URL: http://arxiv.org/abs/2602.14404v1
Date: Mon, 16 Feb 2026 02:20:37 GMT
Title: Boule or Baguette? A Study on Task Topology, Length Generalization, and the Benefit of Reasoning Traces
Authors: William L. Tong, Ege Cakar, Cengiz Pehlevan,
Abstract summary: We use PITA, a dataset of over 23 million statements in propositional logic and their corresponding proofs.<n>We find that RT models generalize well on broad and shallow subsets, while deteriorating on narrow and deep subsets relative to non-RT baselines.<n>Our resulting theory suggests fundamental scalings that limit how well RT models perform on deep tasks, and highlights their generalization strengths on broad tasks.
Score: 31.37944377681284
License: http://creativecommons.org/licenses/by/4.0/
Abstract: Recent years have witnessed meteoric progress in reasoning models: neural networks that generate intermediate reasoning traces (RTs) before producing a final output.
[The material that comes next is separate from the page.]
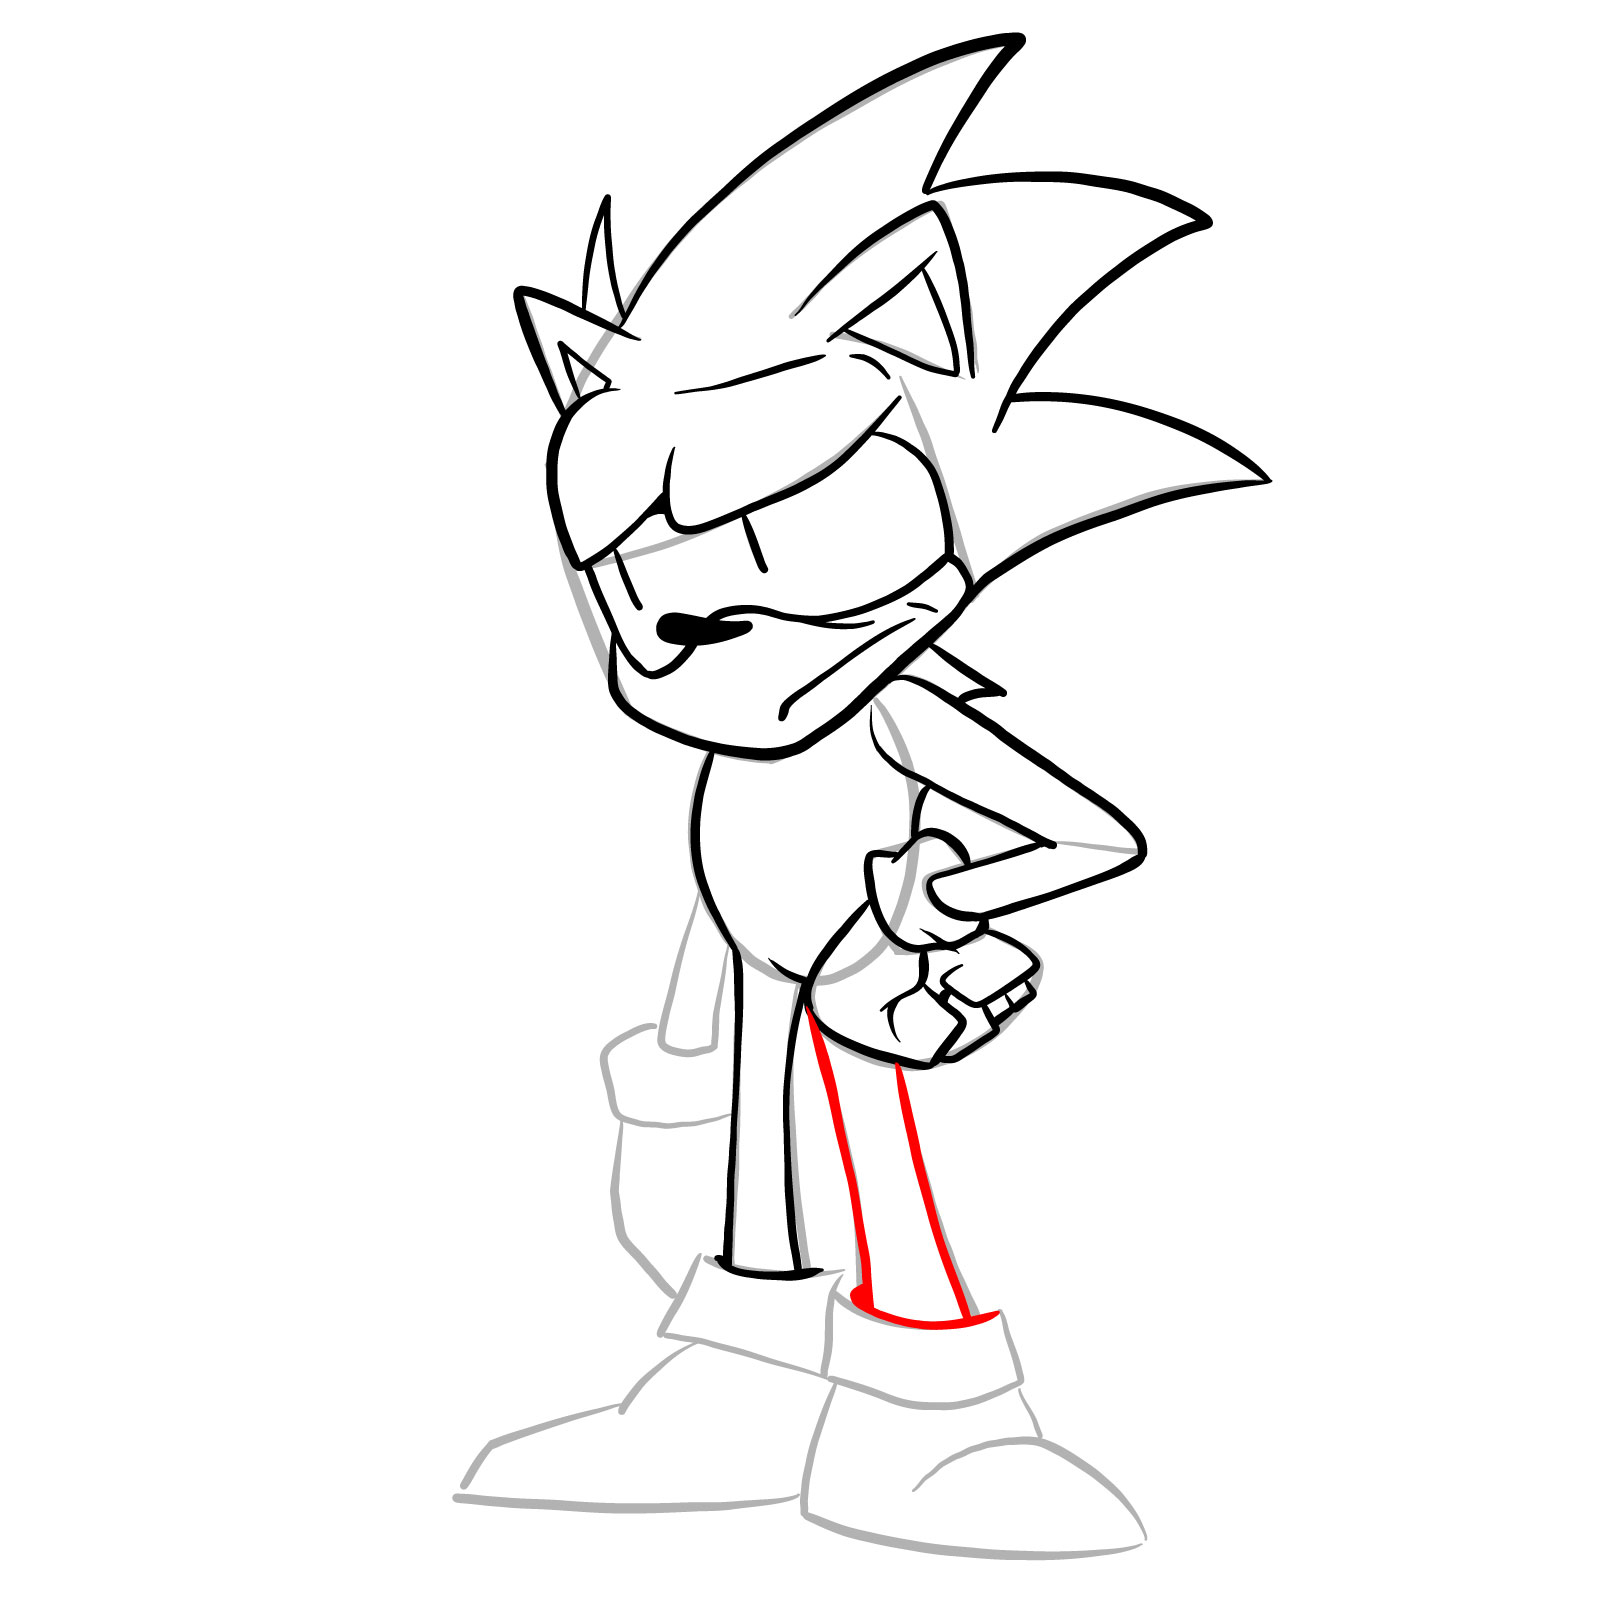 How to draw Sonic - FNF: Secret Histories - step 20

Despite the rapid advancement, our understanding of how RTs support reasoning, and the limits of this paradigm, remain incomplete. To promote greater clarity, we introduce PITA: a novel large-scale dataset of over 23 million statements in propositional logic and their corresponding proofs. As a benchmark for robust reasoning, we focus on length generalization: if a model is trained to determine truth or falsity on statements with proofs up to fixed length, how well does it generalize to statements requiring longer proofs? We propose notions of (1) task depth and (2) task breadth, which measure respectively (1) the number of steps required to solve an example from a task and (2) the number of unique examples across a task. We vary these quantities across subsets of PITA, and find that RT models generalize well on broad and shallow subsets, while deteriorating on narrow and deep subsets relative to non-RT baselines. To determine whether our results are idiosyncratic to PITA or indicative of general phenomena, we compare our results to a simple synthetic task based on syllogisms. Our resulting theory suggests fundamental scalings that limit how well RT models perform on deep tasks, and highlights their generalization strengths on broad tasks. Our findings overall identify fundamental benefits and limitations inherent in using reasoning traces.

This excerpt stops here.